Single source to find the shortest path from a single source vertex to all other vertices in a weighted graph
All pairs to find the shortest path between all pairs of vertices in a weighted graph
Applications
Network routing
GPS navigation
Optimization problems
Dijkstra’s Algorithm¶
Dijkstra’s algorithm is a widely-used algorithm to find the shortest path from a single source vertex to all other vertices in a weighted graph. It works by iteratively selecting the vertex with the smallest tentative distance from the source and relaxing its neighboring vertices.
invented by Edsger Dijkstra
visualization https://visualgo.net/en/sssp
Pseudo-code for Dijkstra’s Algorithm¶
function dijkstra(graph, source):
create a priority queue PQ
initialize distances to all vertices as infinity
set the distance to the source as 0
enqueue source to PQ
while PQ is not empty:
current_vertex = vertex with the smallest distance in PQ
remove current_vertex from PQ
for each neighbor of current_vertex:
edge_weight = weight of the edge between current_vertex and neighbor
tentative_distance = distance to current_vertex + edge_weight
if tentative_distance < distance to neighbor:
set distance to neighbor as tentative_distance
add neighbor to PQ
All Pairs Shortest Path Algorithms¶
Floyd-Warshall Algorithm¶
The Floyd-Warshall algorithm uses dynamic programming to iteratively update the shortest distances between all pairs of vertices.

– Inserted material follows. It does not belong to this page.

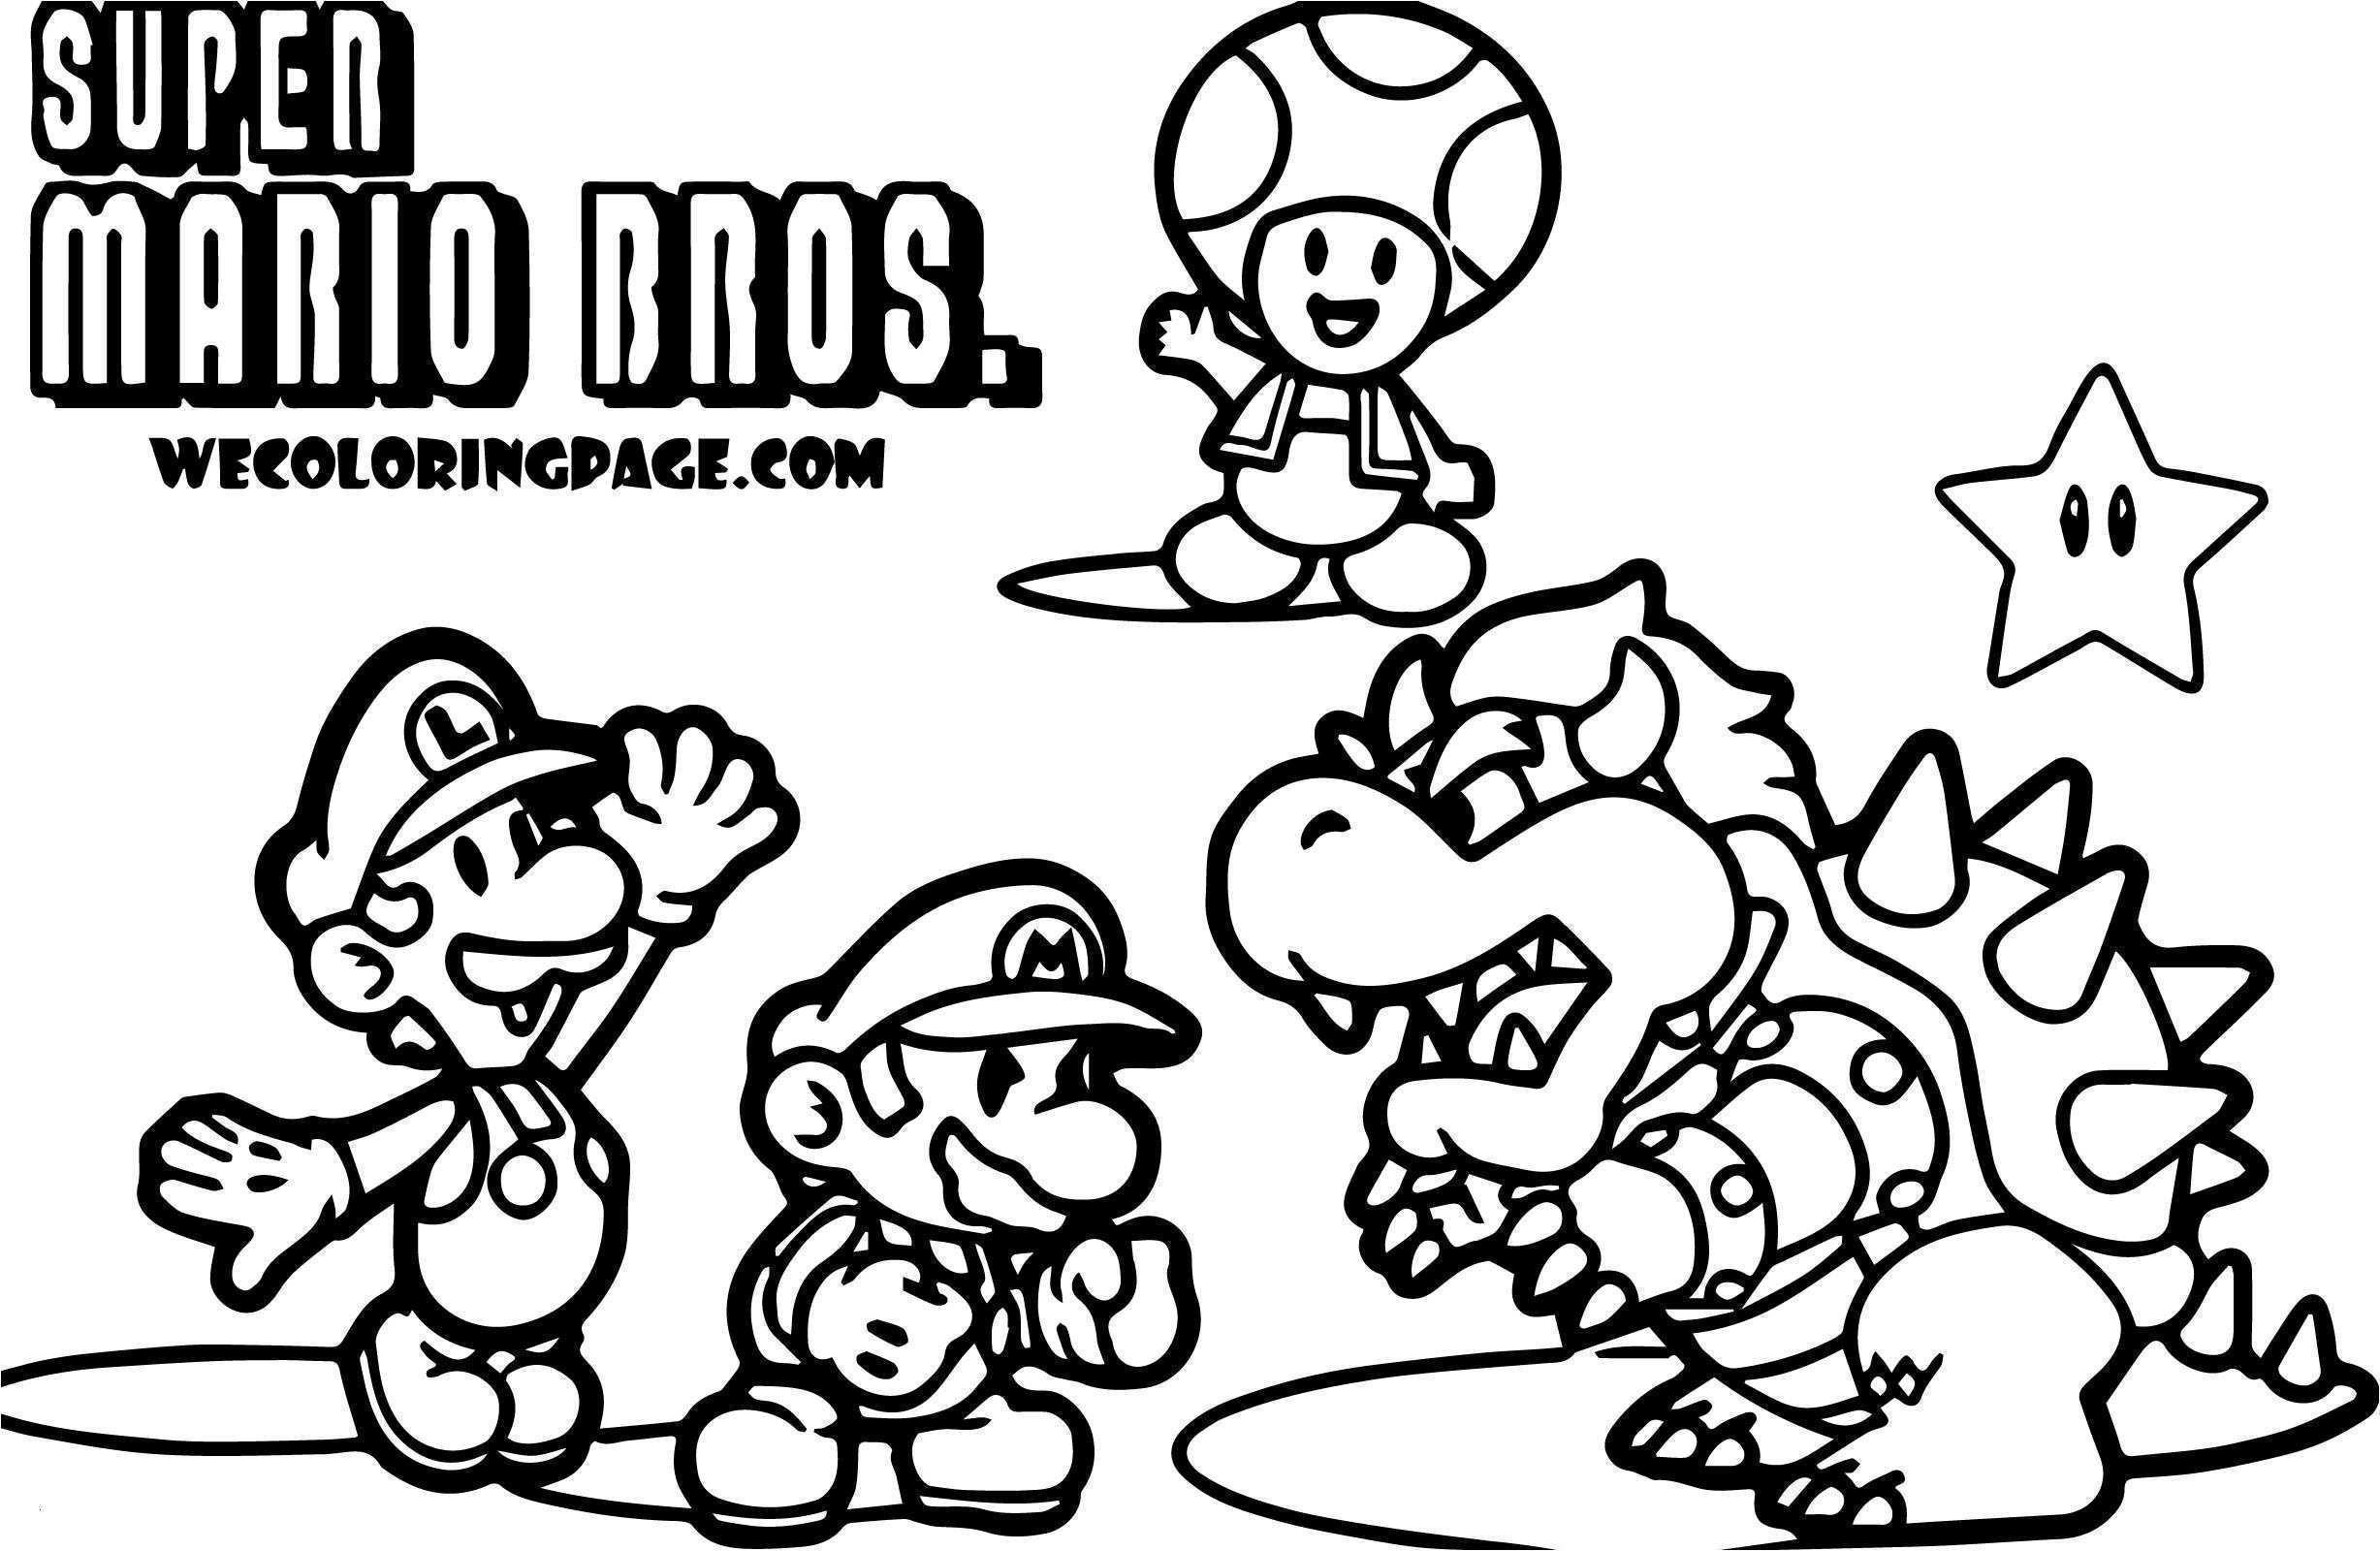 Ausmalbilder Super Mario 3d World Genial Coloriage Mario Kart Luigi Ideas 35 Ausmalbilder Super Mario 3d Galerie
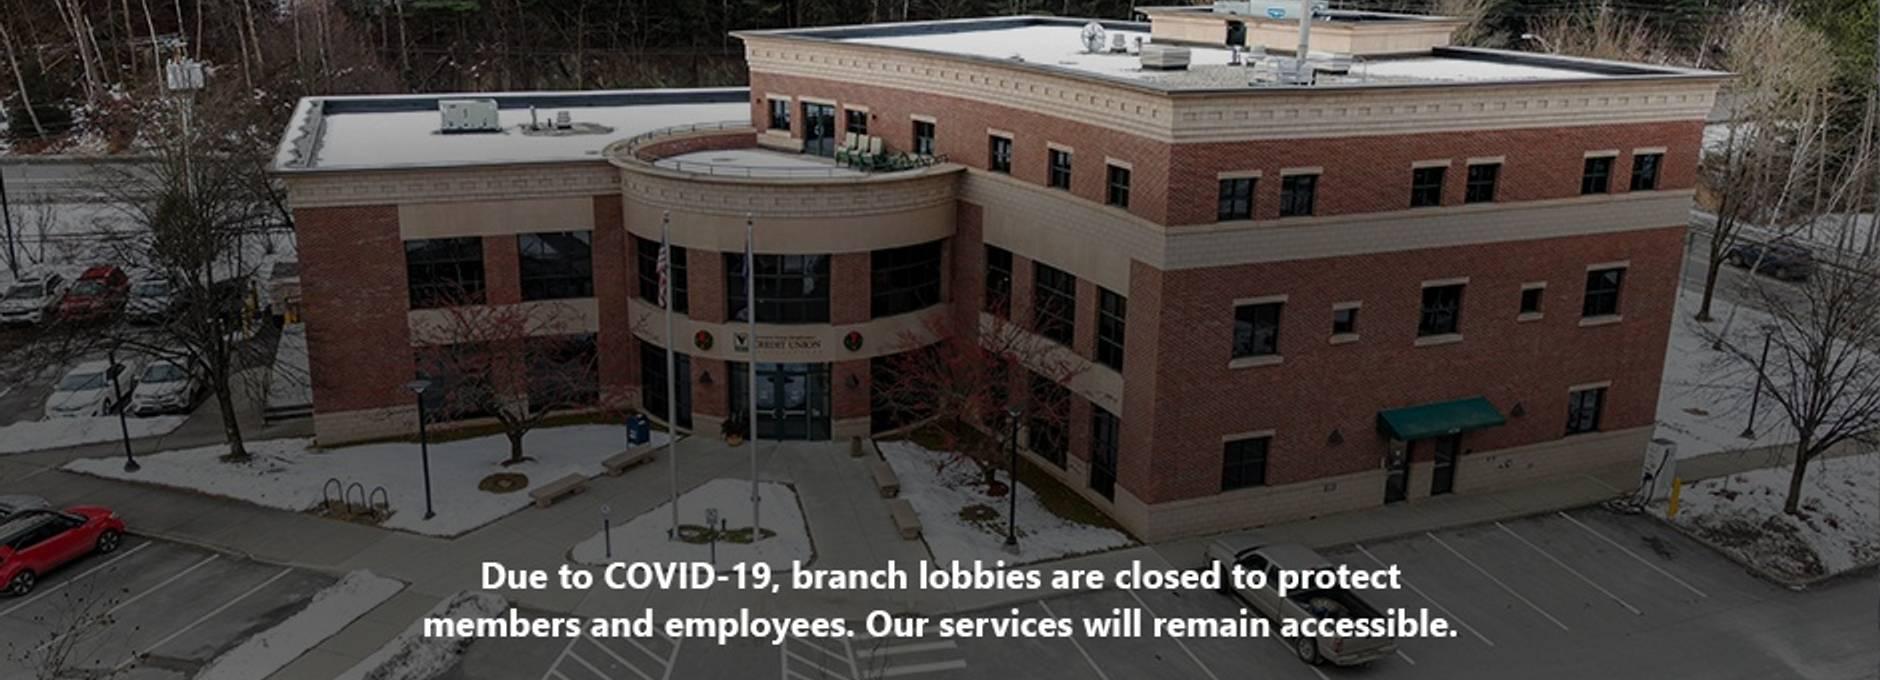 COVID-19 Lobby Closure Homepage Hero

invented by Robert Floyd and Stephen Warshall
Pseudo-code for the Floyd-Warshall Algorithm¶
function floyd_warshall(graph):
initialize a distance matrix with infinite values
set diagonal entries to 0 (distance to itself)
for each edge (u, v) with weight w in the graph:
set distance[u][v] = w
for k in all vertices:
for i in all vertices:
for j in all vertices:
if distance[i][j] > distance[i][k] + distance[k][j]:
set distance[i][j] = distance[i][k] + distance[k][j]